There are parallels with other categories, for example with the oil sector, where national oil companies, often posing as national champions, generally attract far more favorable perceptions than their global competitors.

There are differences however. While the size of domestic oil industries are determined by geological factors, the biggest regional players in the banking world tend to be American and Chinese – because they have access to massive domestic markets that create economies of scale, they can focus investment on one market, and they are more finely attuned to local cultural nuances. As a result, regional players such as Wells Fargo do better when it to comes to the brand contribution in their total brand value. That’s because their domestic markets – where all brands typically perform better – are the dominant factor in their global footprint.

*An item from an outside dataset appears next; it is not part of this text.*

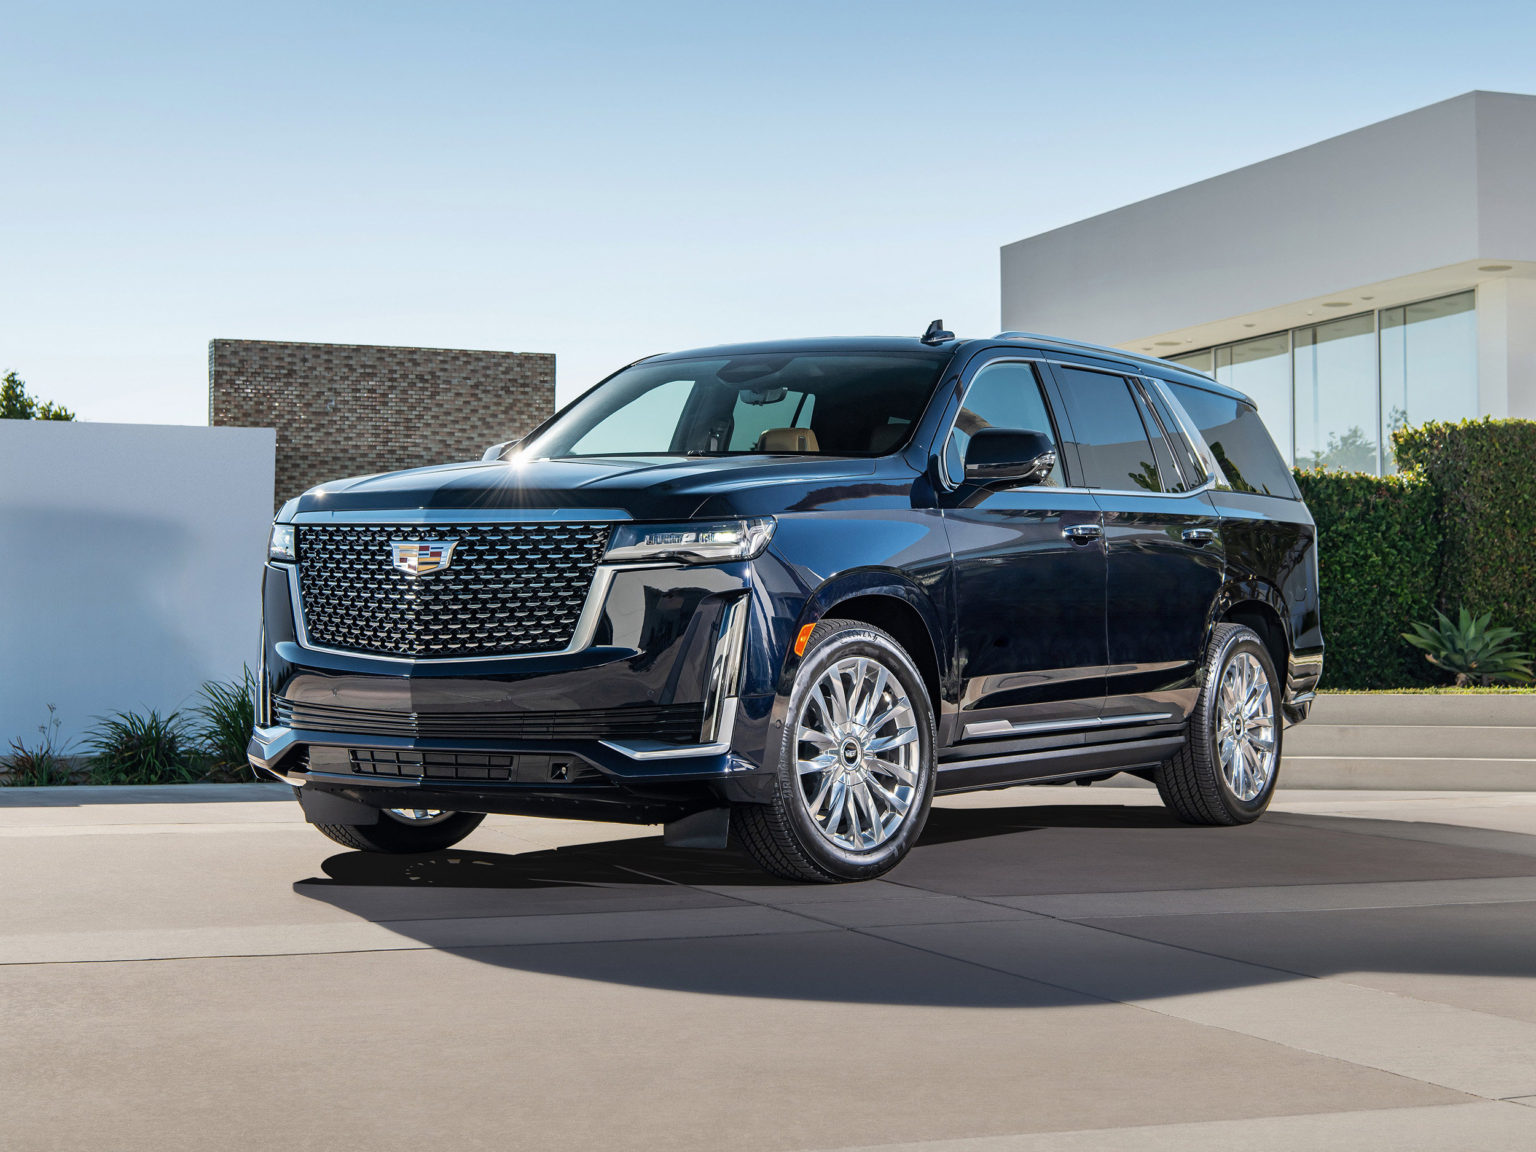 The Cadillac Escalade is one of the most luxurious SUVs you can buy.

Global banks by contrast tend to be European-based as their home markets are simply not big enough to allow them to grow beyond a certain size.  Globals tend to have a lower brand contribution overall because, even when their domestic brand is strong, they have many markets where their brand contribution is lower.

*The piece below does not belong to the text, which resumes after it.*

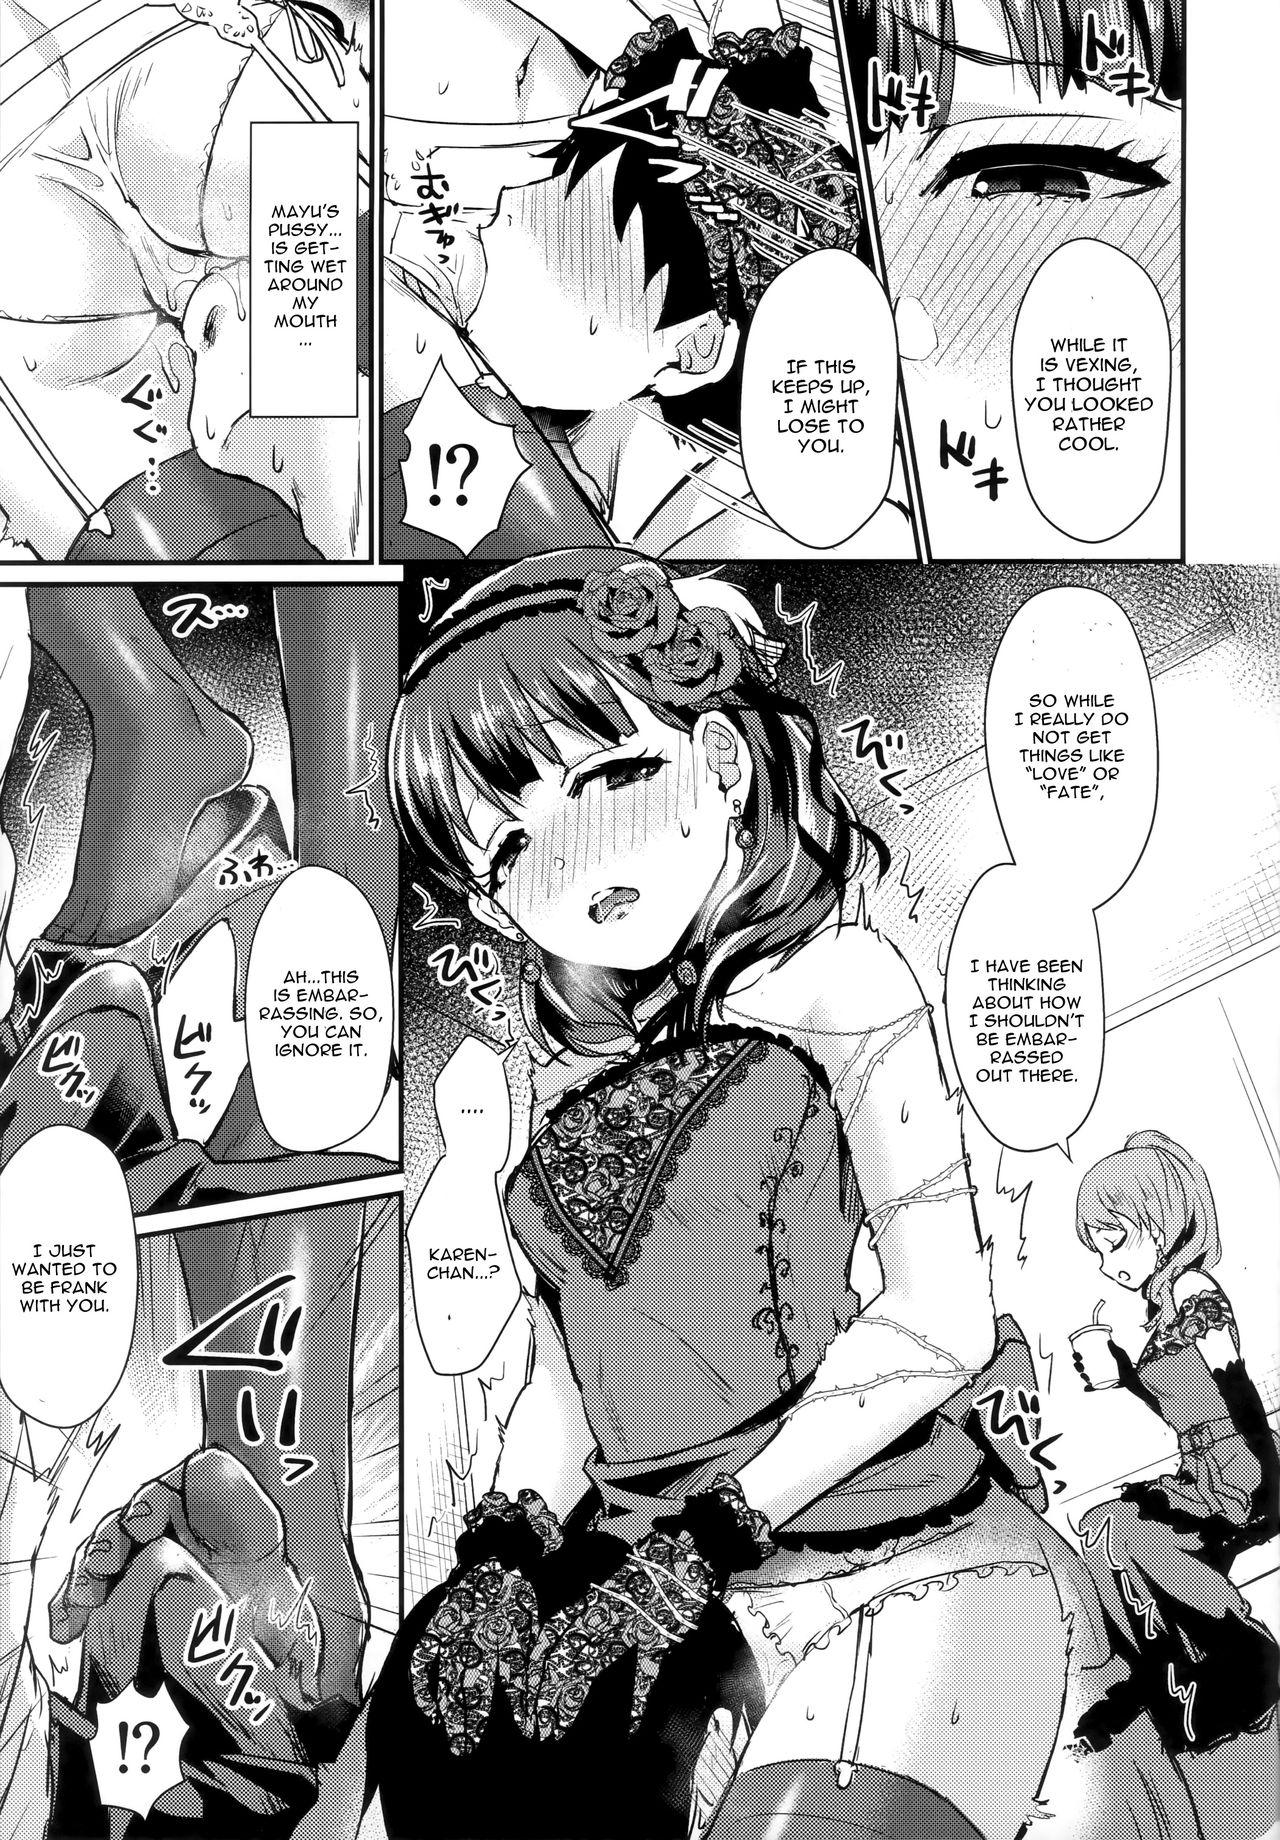 Boobs Don't stop my pure love - The idolmaster Petite Porn - Page 10

The brutal truth is that it takes time to develop brand contribution in overseas markets. However, really successful brands can develop a stronger brand abroad, something Samsung has done in the mobile sector, for example.

There is an opportunity to create a strong brand story overseas where the history that can hamper such efforts in a company’s home market is absent.  Most banks have traditionally not excelled in this challenge although some, like HSBC and Santander, are getting there.

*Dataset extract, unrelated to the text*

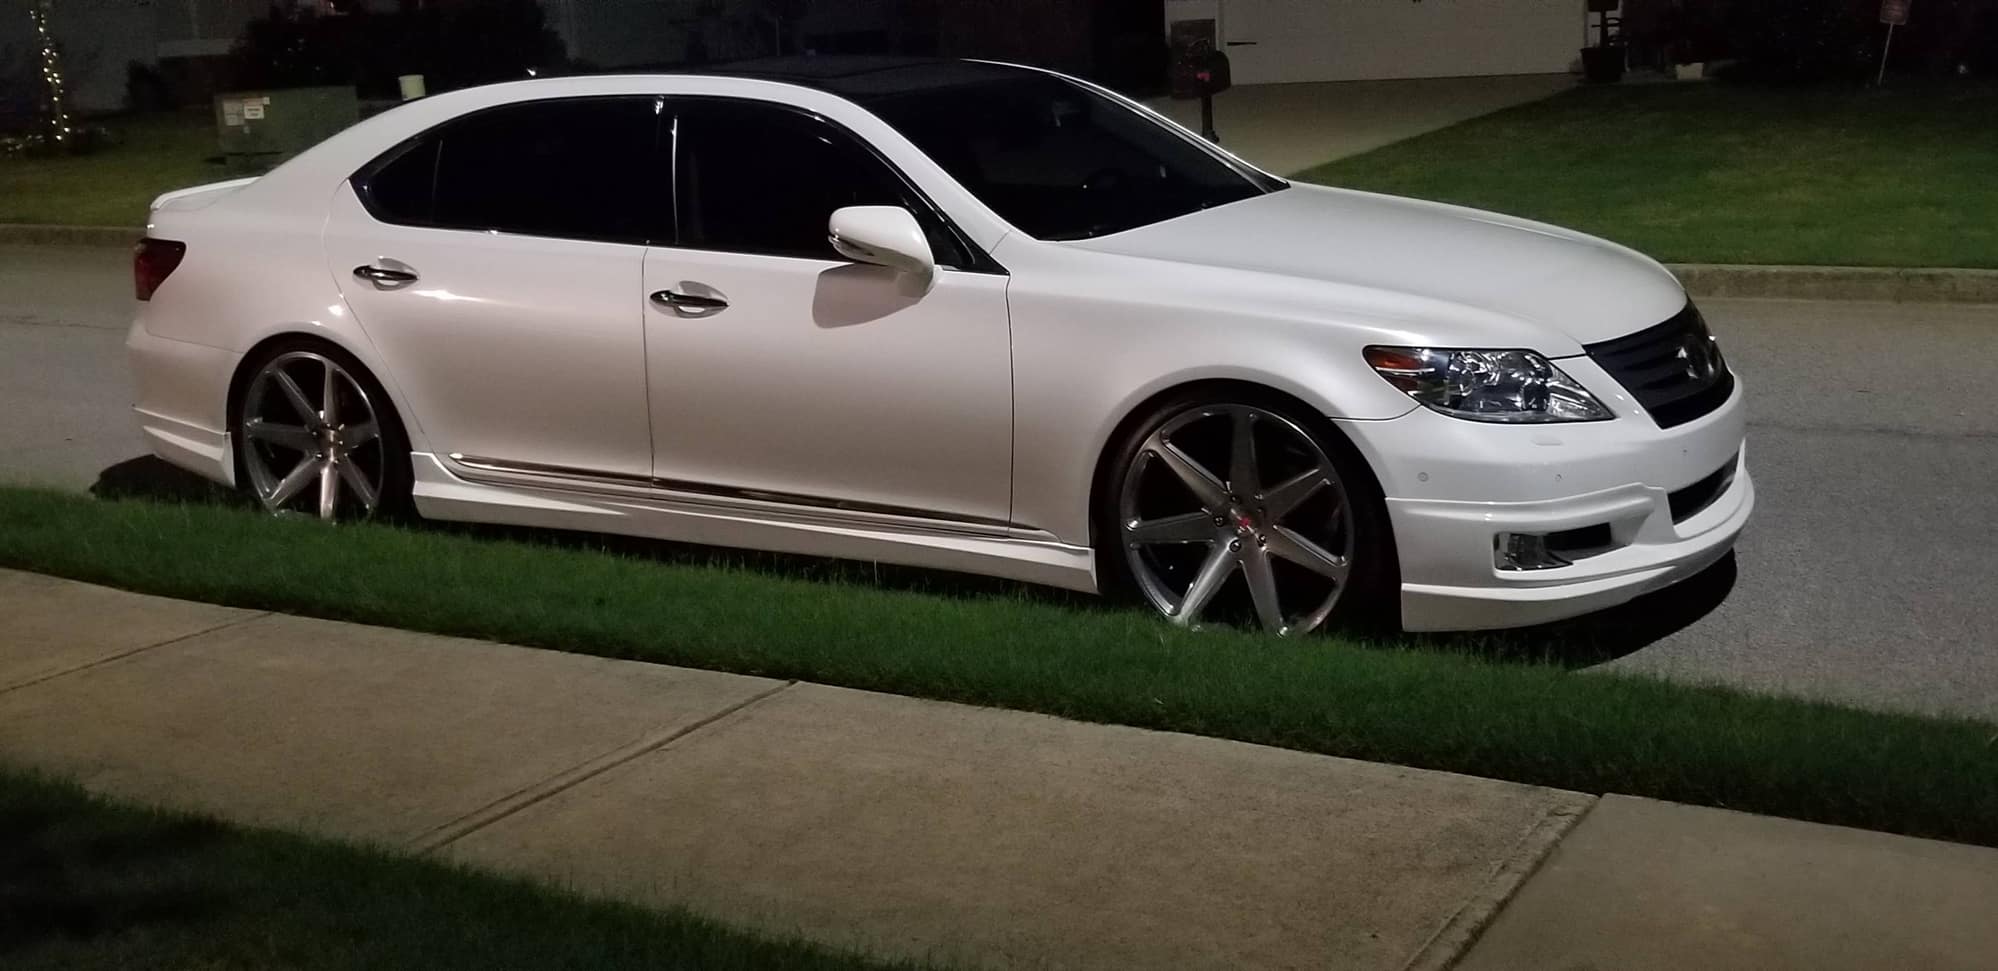 Wheels and Tires/Axles - FS: Vossen CG-207 Forged Wheels 22x9.5/22x11 w/tires - Used - 2007 to 2017 Lexus LS460 - 2018 to 2021 Lexus LC500 - Atlanta, GA 30128, United States

Banks need to look at other industries for examples of best practice. In automotive, BMW is a stronger brand in overseas markets such as the UK than it is in Germany; the same is true for Land Rover, which sells 90% of its production as export.

Guinness is another brand that has thrived overseas and is even stronger in Africa than in the British Isles. Here, the brand has developed localized offers, such as carbonated malt beverage Malta or Foreign Extra Stout (better known as FES), to make the brand stick.

In the retail sector, McDonalds has rejuvenated itself by recognizing where it needs to be globally consistent and where to be locally relevant so that it targets families in UK while pitching for the trendy youth night out market in India.

While all banks struggle with the trust issue, there are examples of banks that have responded successfully to this challenge. HSBC, for example, continues to build its brand using a global-local approach (encapsulated by the strapline “the worlds’ local bank”) whilst Wells Fargo has outperformed competitors by responding to local market needs and even opening branches, rather than closing them.

As an industry, however, banks still have ground to make up and the need to address the lack of trust is becoming more urgent, not less. In the UK, for instance, we see not only personal customers and business customers actively looking for alternatives to incumbent banks, but the Government is also actively intervening to create “challenger” brands.

In the face of such threats, banks need to consider three things.  Firstly, in domestic markets, where incumbent banks are lacking consumer trust, they need to look at how to restore trust by changing behaviors – you cannot change perceptions unless you change reality.

Secondly, there is an opportunity for many banks to build trust in their overseas markets, where they are not necessarily seen as part of the trust problem and can work from a clean slate.

Thirdly, and most importantly, banks must ditch the thinking of an incumbent and seek to build brands – because strong brands will build trust. Average brand contribution in banking is low, not because banking is an “unbrandable” sector but because too few banks have created successful brands.

The very best banking brands would pass muster in any sector but they are exceptions to the rule.  In an era where consumer frustration is growing, and where the ability to exercise choice is also increasing, it is time for a new approach.

That means applying the lessons of successful brand building from other categories to enhance the customer brand experience and re-build trust.